Wang v. Blinken Nixes Any Hope for Excluding the Counting of Family Members in the Green Card Caps
By Cyrus D. Mehta and Kaitlyn Box*
On July 9, 2021, the U.S. Court of Appeals for the D.C. Circuit issued its opinion in Wang v. Blinken, No. 20-5076 (D.C. Cir. 2021), interpreting INA § 203(d) to include the counting of derivatives toward the EB-5 investor cap. The Plaintiffs in the case are a group of EB-5 investors who would have been able to adjust status long ago if not for the lengthy backlogs in the EB-5 China, and subsequently Vietnam, categories caused by counting derivative family members against the EB-5 cap.
In a previous blog, we discussed the case at the District Court Level, where Plaintiffs’ primary argument was that nothing in the language of INA § 203(d), which states that “[v]isas shall be made available, in a number not to exceed 7.1 percent of [the 140,000 employment-based] worldwide level, to qualified immigrants seeking to enter the United States for the purpose of engaging in a new enterprise…..in which such alien has invested” a qualifying amount of capital, and which will create at least 10 jobs for U.S. workers, requires derivative family members to be counted against the cap. Instead, spouses and children, under INA 203(d) are “entitled to the same status and the same order of consideration provided in the respective subsection, if accompanying or following to join, the spouse or parent.”
Plaintiffs also argued that Congress intended to exempt derivative family members from the numerical caps when it changed the relevant regulatory language in the Immigration Act of 1990. Prior to 1990, the “same status, and the same order of consideration” language as it pertains to derivative family members appeared in a section describing which immigrants “are subject to the numerical limitations”, but in 1990 this provision was shifted to a new section entitled “Treatment of Family Members”. Plaintiffs argued that this change indicated an intent on the part of Congress to subject only EB-5 investors, and not their spouses and children, to the numerical cap.
The Court, however, disagreed with this reasoning. Judge Walker, who authored the opinion, interpreted the key phrase “same status” to mean that because an EB-5 investor’s family members get the same type of visa as the principal, they must also be counted against the cap, and reasoned that “same order of consideration provided in the respective subsection,” which refers to the worldwide cap on employment-based visas, further indicates that spouses and children of EB-5 investors are subject to the cap.
The Court’s decision in Wang v. Blinken comes as a deep disappointment to the many immigration attorneys who had hoped that the Biden administration could reinterpret INA § 203(d) to support either not count derivatives at all or counting family units as one. We have long taken the position that not counting derivatives under the preference quotas would be consistent with INA § 203(d). See, for example, our blogs on The Tyranny of Priority Dates in 2010, How President Obama Can Erase Immigrant Visa Backlogs With A Stroke Of A Pen in 2012, and The Way We Count in 2013. The Biden administration solicited recommendations on how to remove barriers and obstacles to legal immigration, and unitary counting of derivatives, an idea which our firm proposed, would have done much to serve this goal by relieving the decade-long backlogs. If the Biden administration wanted to reform the immigration system through executive actions, reinterpreting the law to not count derivatives in the green card categories would have been a good first step, along with not opposing the plaintiffs in Wang v. Blinken. Sadly, though, the administration did not choose to go in this direction, and the Court’s decision in Wang v. Blinken is likely a death knell for other, future lawsuits that would make similar arguments under other employment or family-based visa categories.
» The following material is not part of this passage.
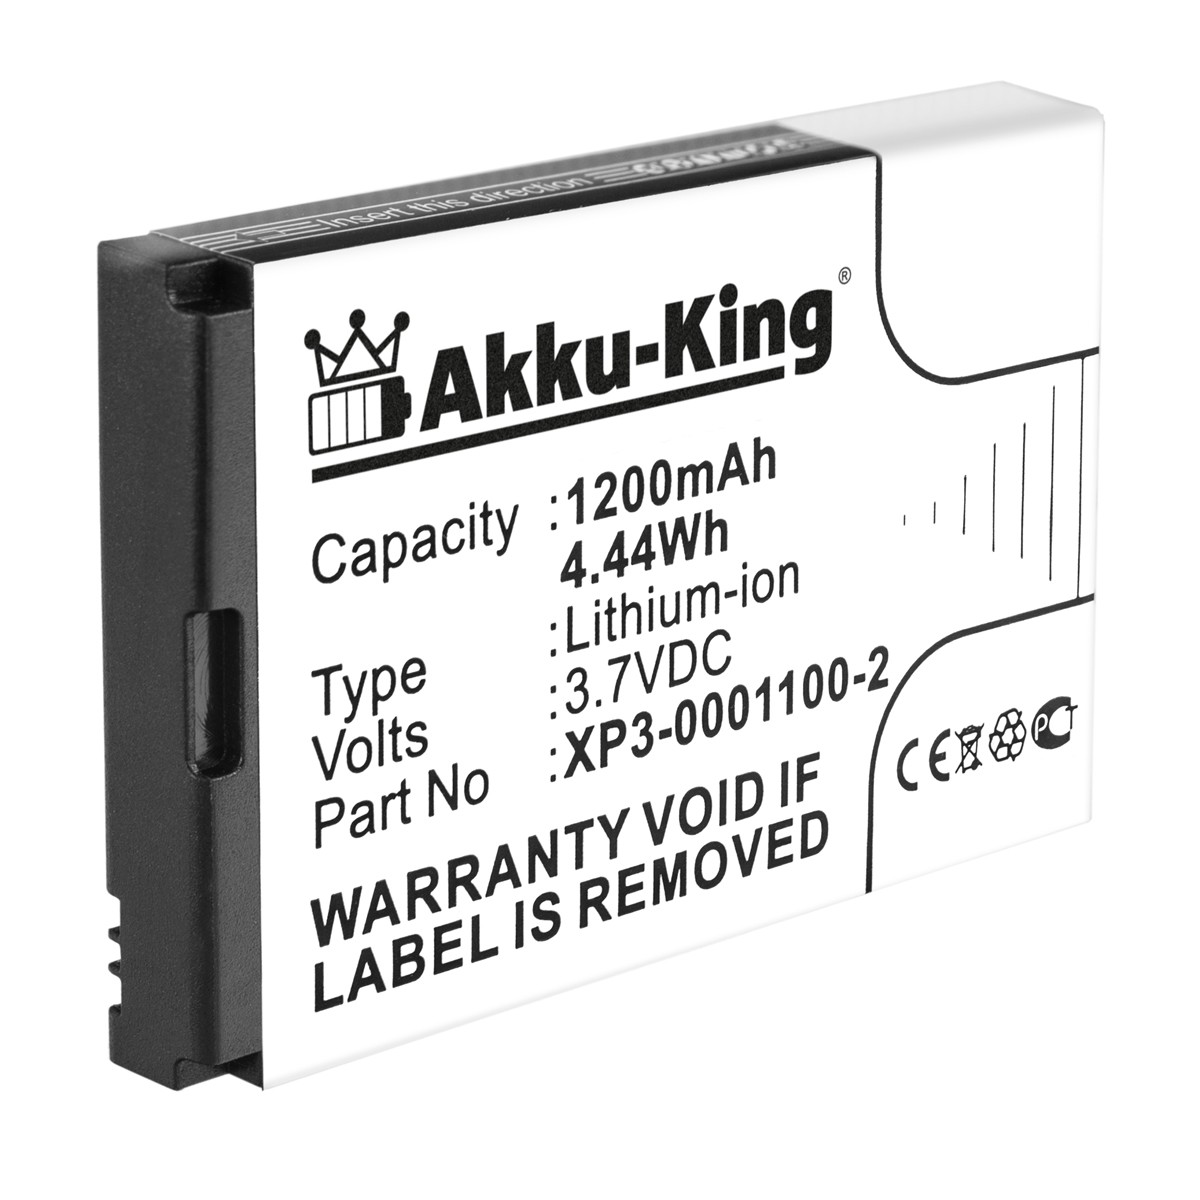 AKKU-KING Akku XP3-0001100-2 Li-Ion mit 3.7 1200mAh Socketmobile Handy-Akku, Volt, kompatibel
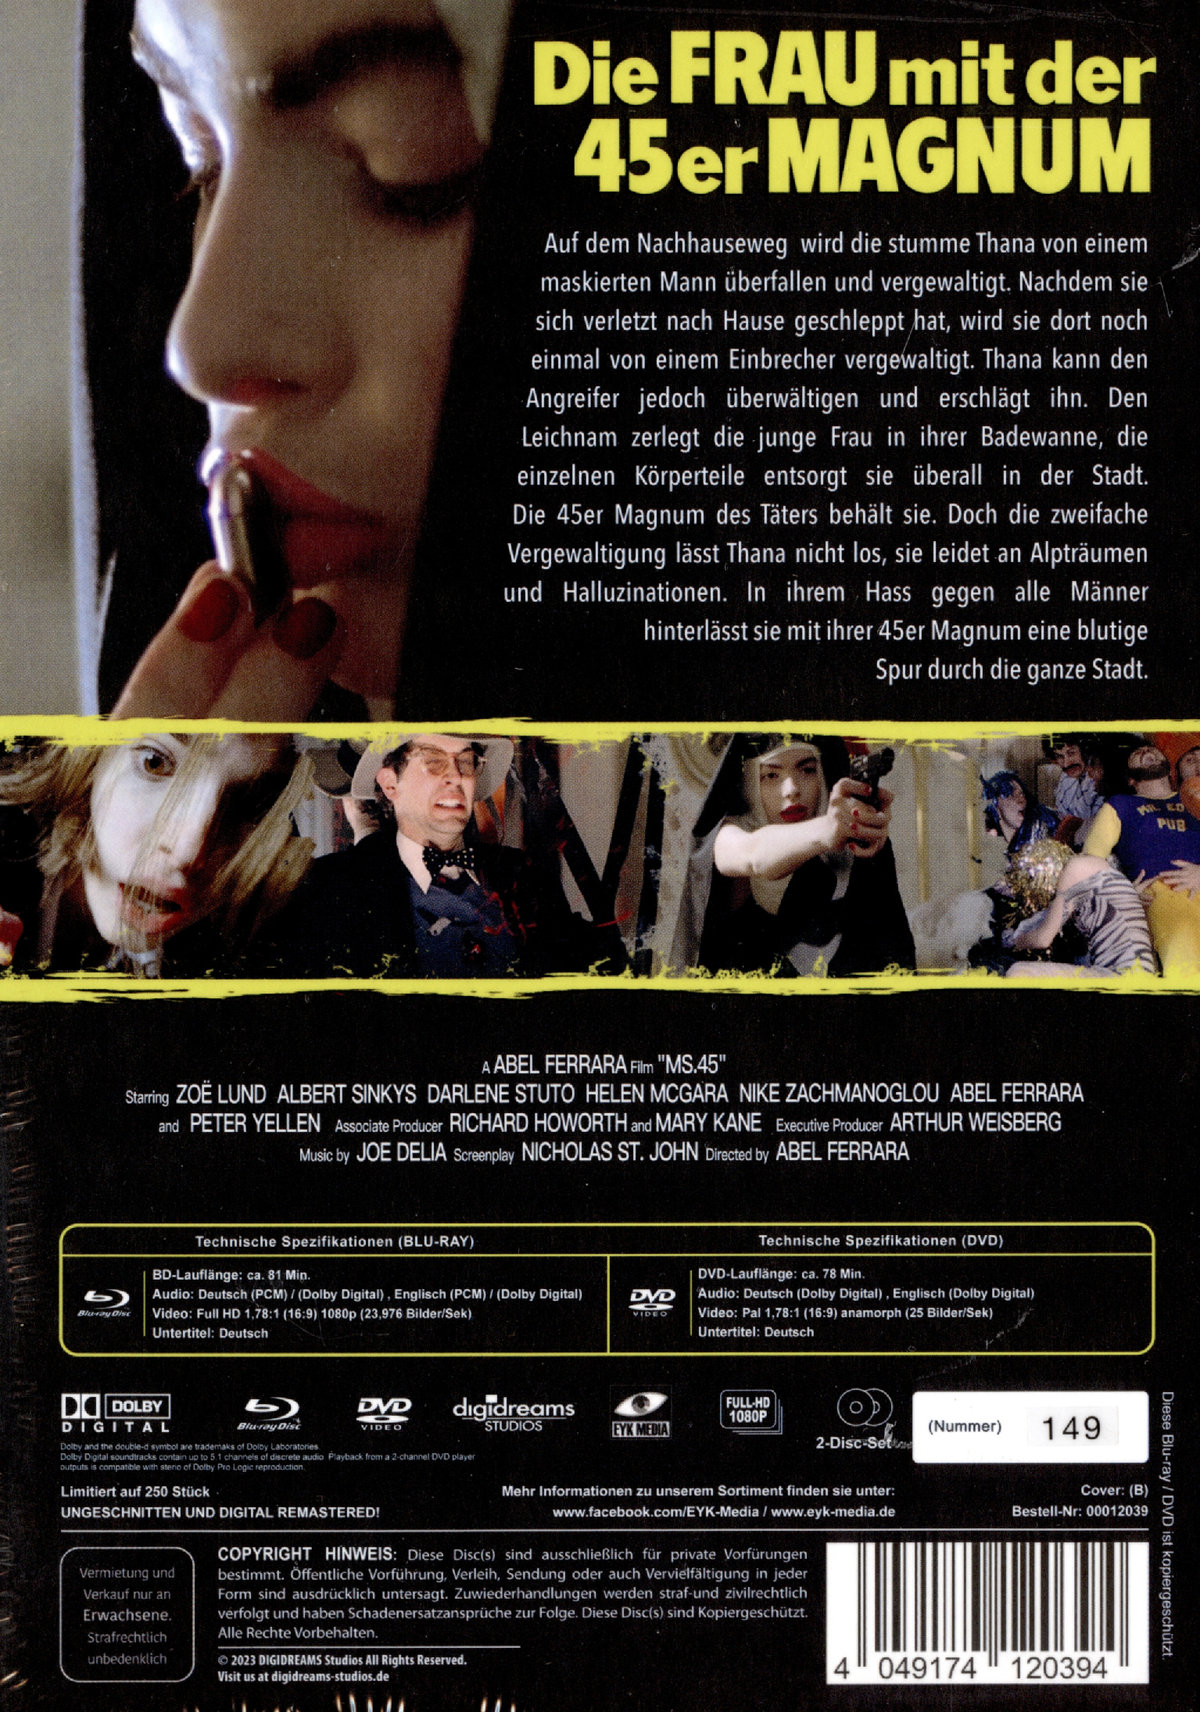 Frau mit der 45er Magnum, Die - Uncut Mediabook Edition (DVD+blu-ray) (B)

While the Court’s decision in Wang v. Blinken can still be appealed to the Supreme Court, a positive outcome is not likely given the conservative majority on the Supreme Court, which has adopted a pseudo textualist approach to interpreting immigration statutes. For instance, the Supreme Court in Sanchez v. Mayorkas also recently strictly interpreted INA § 244(f)(4) to hold that the grant of Temporary Protected Status did not constitute an admission thus allowing recipients to adjust status in the US. Even if different plaintiffs could get a favorable decision in another circuit, the Supreme Court would likely rule on the circuit split anyway. Particularly as it has Chevron deference on its side, the government is likely to prevail in any litigation scenario. And even if the Biden administration later changes its mind and decides to adopt a nationwide policy to not count derivatives, it would be precluded from implementing this policy for people living within the jurisdiction of the D.C Circuit. Perhaps a better way forward would be convincing Congress to explicitly state that derivative family members will not be counted against the cap under INA § 203(d). Passing such an amendment would be extremely difficult in a divided Senate, but one idea is to pass a measure through the reconciliation procedure that requires only a simple majority, rather than a filibuster-proof majority in the Senate.
(This blog is for information purposes, and should not be relied upon as a substitute for legal advice).
* Kaitlyn Box graduated with a JD from Penn State Law in 2020, and works as a Law Clerk at Cyrus D. Mehta & Partners PLLC.